Hello, dear friend, you can consult us at any time if you have any questions, add WeChat: THEend8_
The Department of Computer Science has a cluster where Cloudera has been installed. Cloudera is a company that provides Apache Hadoop. Each student will be provided with a virtual machine (VM) that is hosted on the cluster.
To use the VM you need to retrieve the ssh key that is in your OWL dropbox folder. An example key looks like this:
cs4417-lab-xxxxxx-pem
where xxxxxx represents your email identifier.
You need to change the permissions so that it is user read-only. The command for doing so on a Mac or Linux machine is the following:
chmod 600 cs4417-lab-xxxxxx.pem
You can now use the key to ssh into the VM:
You should get the following prompt:[cs4417]>
You should enter ssh cloudera@xxxxxx
The software you need to complete the assignment is on the VM. You do not need to install anything.
Part 1: Calculate the frequency of a term in each document (20 points)
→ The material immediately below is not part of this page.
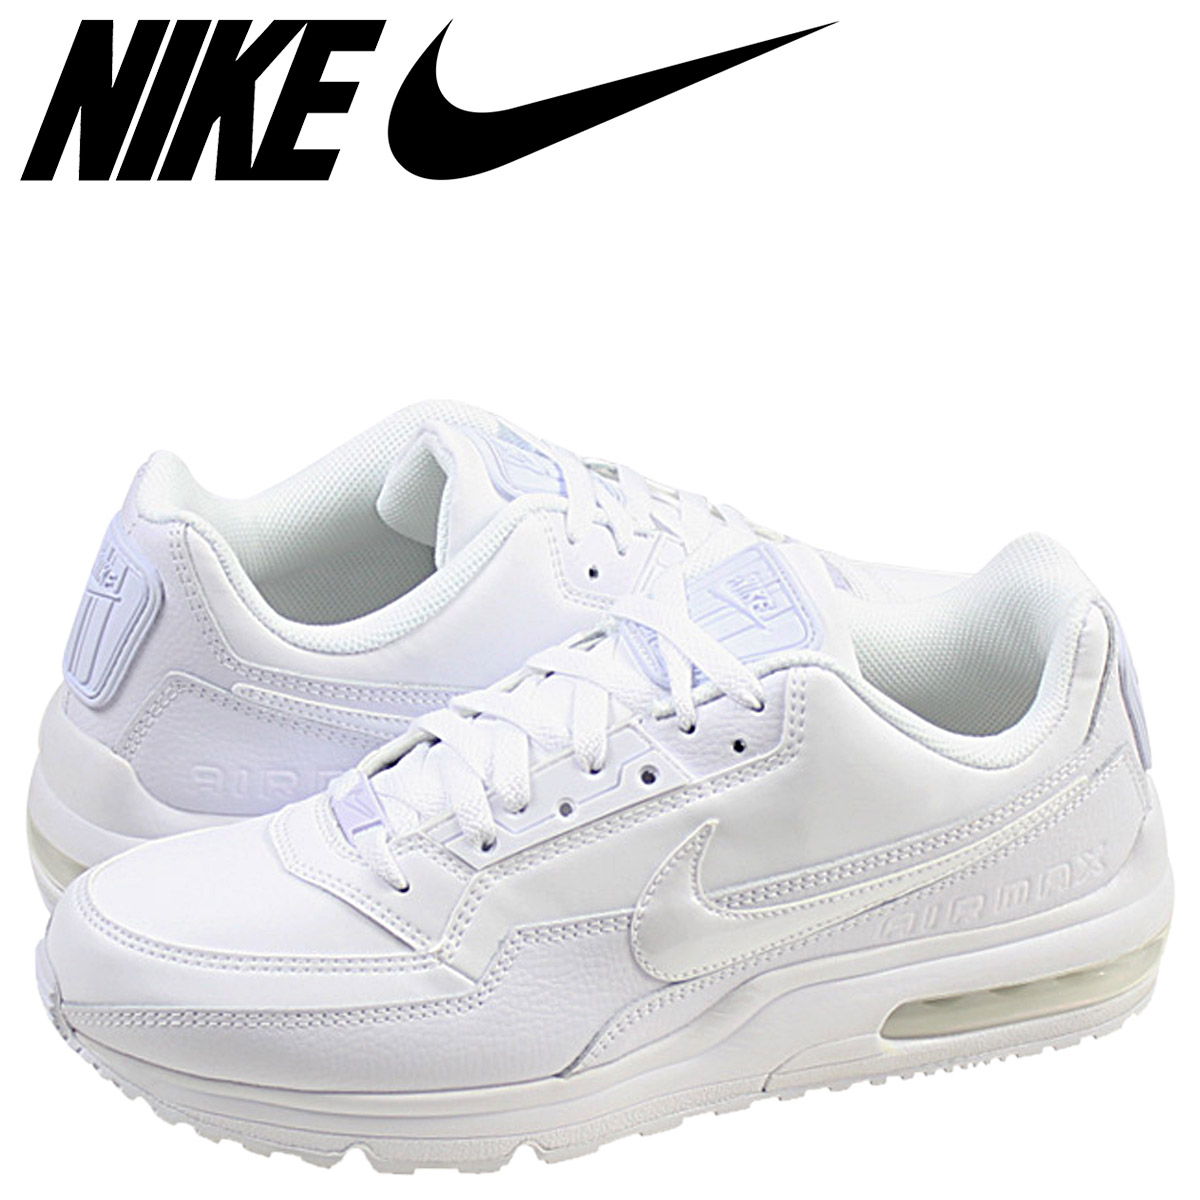 new style 0d011 2daaf Whats up Sports NIKE Nike Air Max sneakers AIR MAX LTD 3 Air Max Ltd  687977-111 mens shoe white  Rakuten Global Market

Given a set of documents, calculate the frequency of a term in each document. The output should be the term, document and number of occurrences of the term in the document. This is different from the example presented in the lectures in that the example focused on one document. In this example, the final output should consist of pairs in the following form:
((term, document identifier), count)
Submission: You should submit a zip file with the name Part1.zip. When unzipped there should be two files: mapper.py and reducer.py.
Part 2: Count Bigrams (15 points)
Take the word count example and extend it to count bigrams which refers to sequences of two consecutive words.
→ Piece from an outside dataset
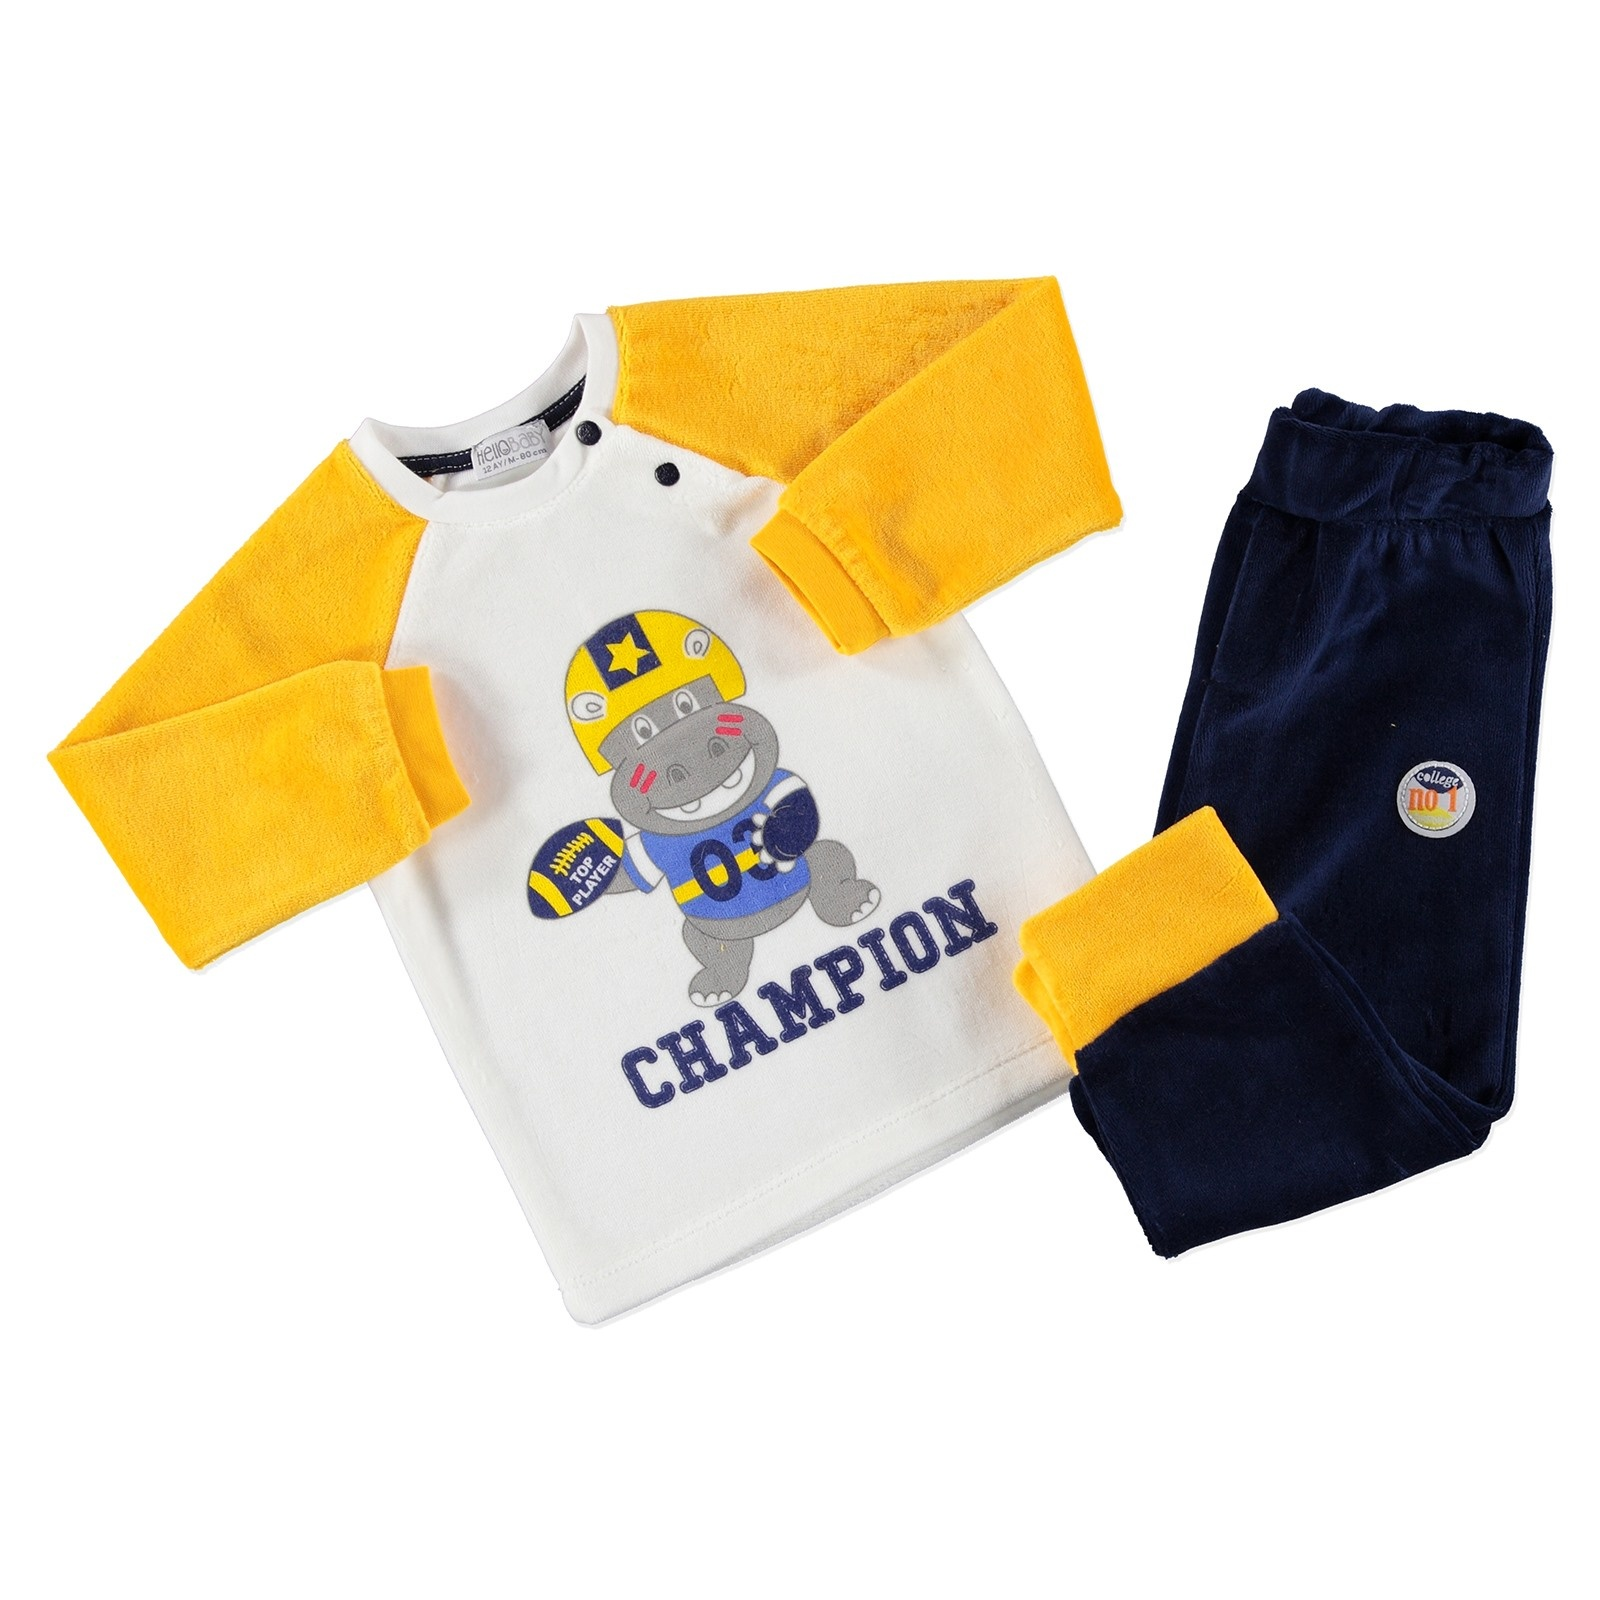 Ebebek HelloBaby Little Champion Baby Sweatshirt Trouser 2 Pack Set

You should make use of Hadoop for this part.
Submission: You should submit a zip file with the name Part2.zip. When unzipped there should be two files: mapper.py and reducer.py.
Part 3: Count Unique Bigrams (15 points)
This is an extension of part 2 where you count the number of unique bigrams. One approach is to use two MapReduce passes. The first is what you did for Part 2 and the second is something you need to develop.
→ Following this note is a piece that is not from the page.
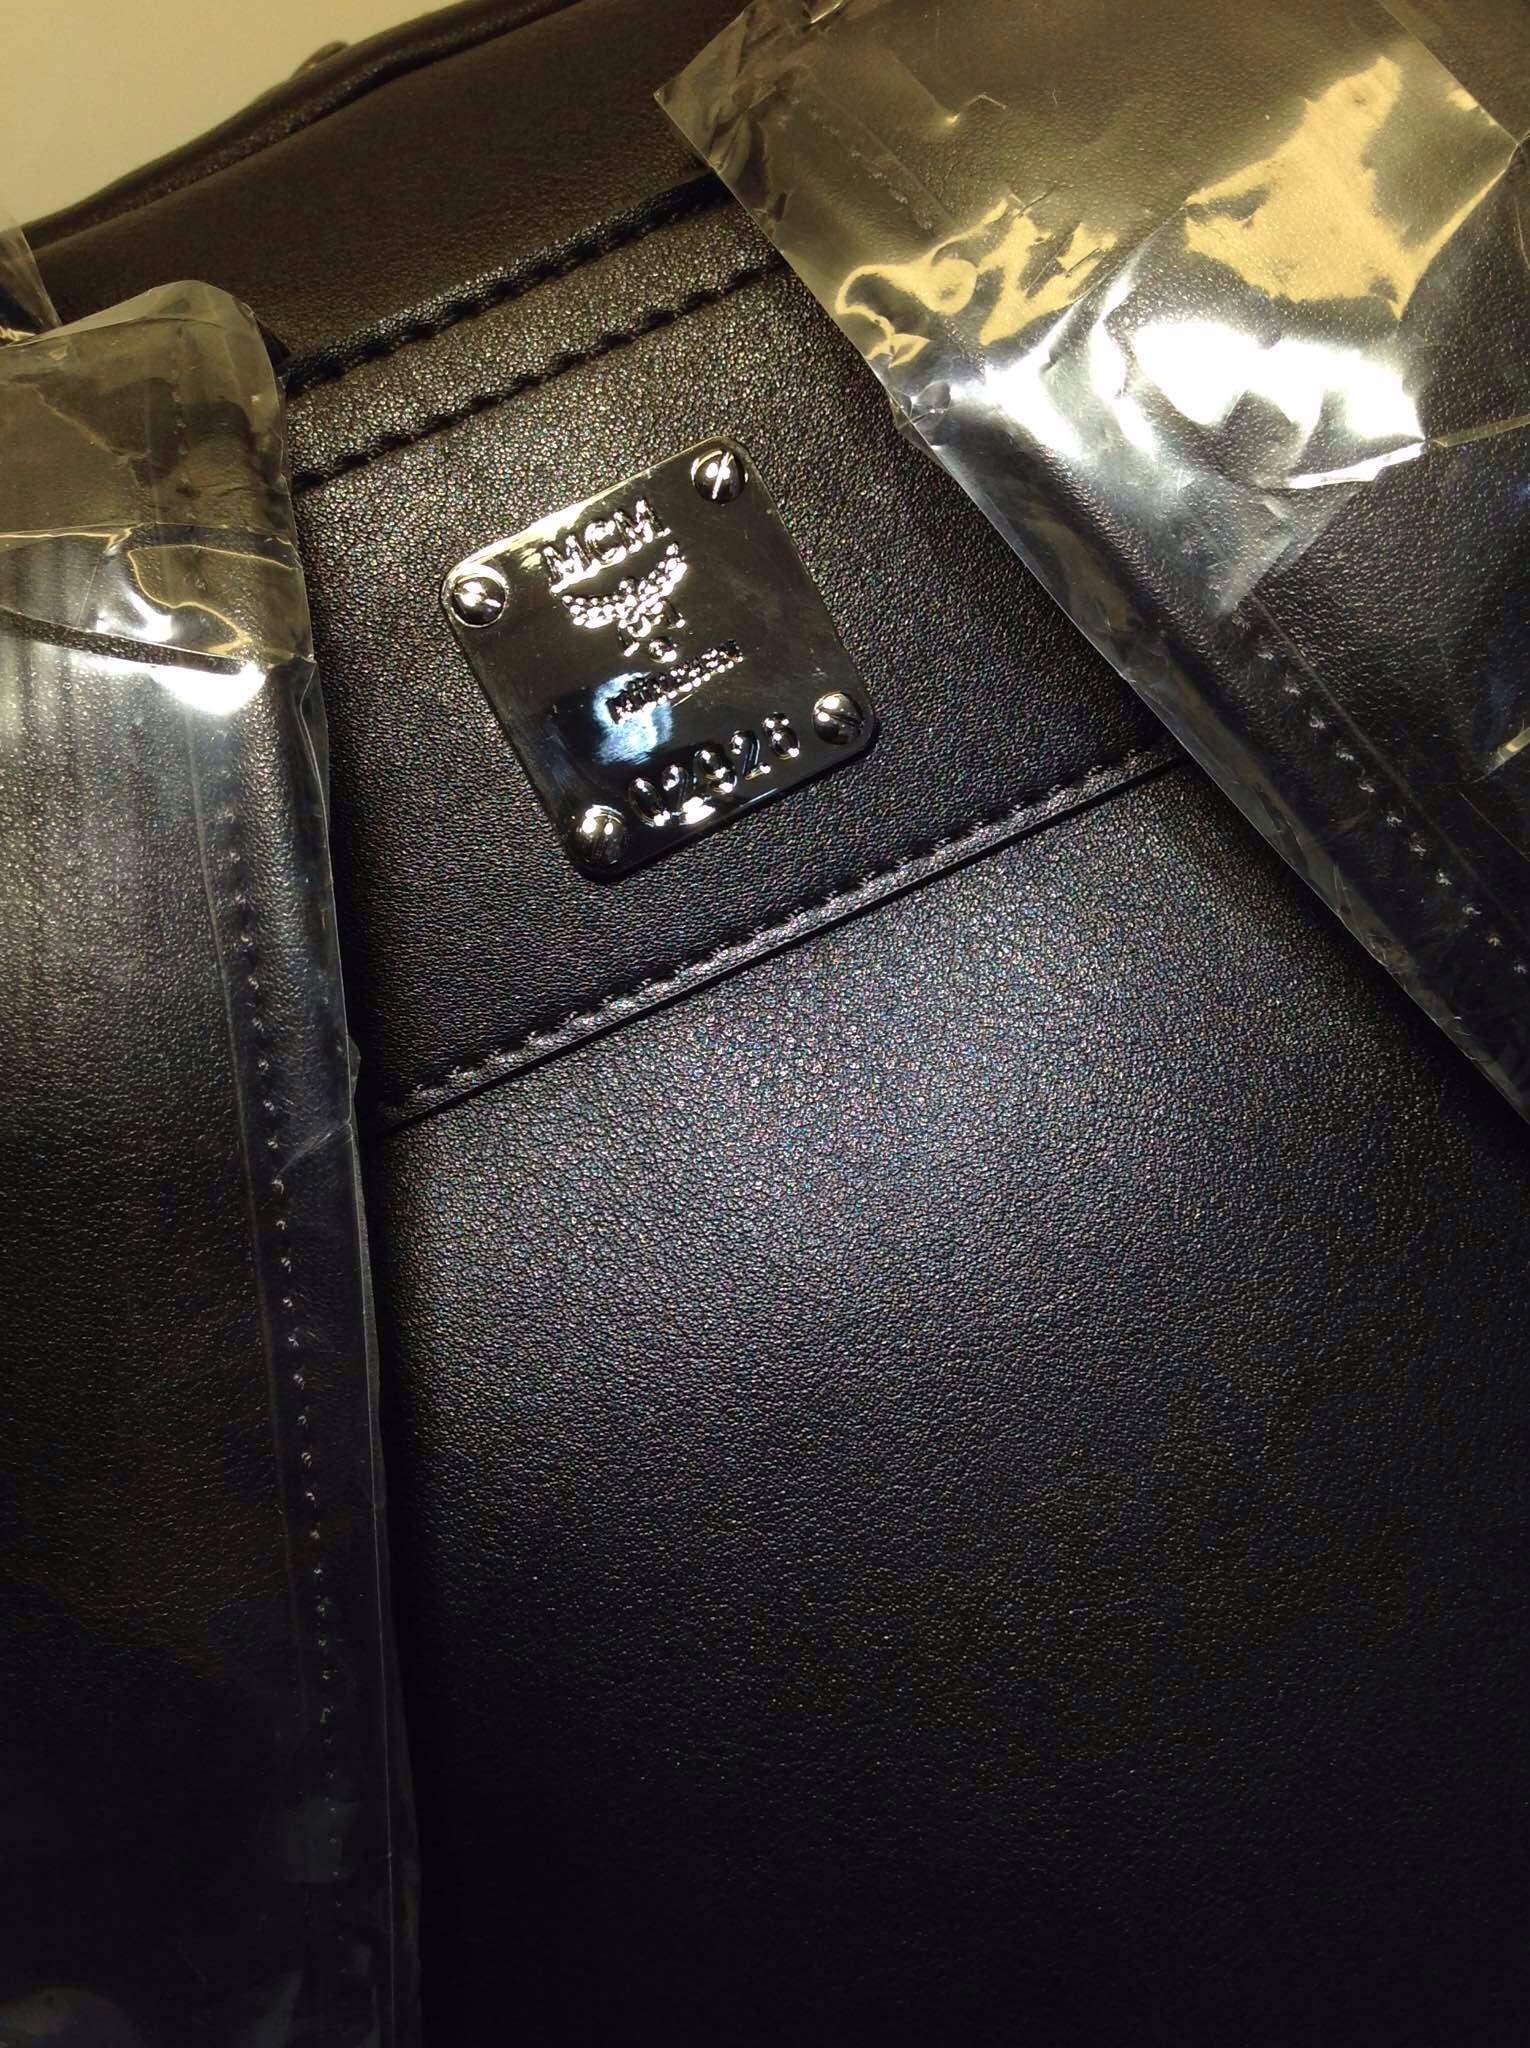 MCM专柜新款 牛皮压花 中号双肩包 一件代发

Submission: You should submit a zip file with the name Part3.zip. When unzipped there should be two files for each MapReduce pass, i: mapperi.py and reduceri.py. For example, if i is 1 then you should have mapper1.py and reducer1.py and if i is 2 then you should have mapper2.py and reducer2.py.
Part 4: Term-Frequency-Inverse Document Frequency in MapReduce (40 points)
The tf-idf metric is used to determine the importance of a word within a document. You are to write a program that uses the MapReduce paradigm. However, you do not have to use Hadoop for doing so. It is sufficient to use pipes to test the program.
The formula of tf-idf for document d and term t is the following:
tf-idt,d = tft,d /N *log10(D/ dft)
where tft,d. is the number of occurrences of the term t in document d, N is the total number of words in document d, D is the total number of documents and dft is the number of documents that the term t occurs in. There are variations of the formula, but you should use the above formula since our test cases assume the above.
This requires multiple MapReduce jobs (more than 2). The first MapReduce (MR) job should calculate the term count for each term and document (tft,d).
The second MR job should calculate dft for each term.
You should figure out the rest of the MR jobs needed.
For this assignment the number of documents is needed. You should have a file called inputParameters. This file should have one number which represents the number of documents. This will make it easier for the TAs to test.
Submission: You should submit a zip file with the name Part3.zip. When unzipped there should be two files for each MapReduce pass, i: mapperi.py and reduceri.py. For example, if i is 1 then you should have mapper1.py and reducer1.py and if i is 2 then you should have mapper2.py and reducer2.py.
Part 4: Writeup (10)
Please complete the following:
IMPORTANT: Keep a copy of the assignment outside of the VM.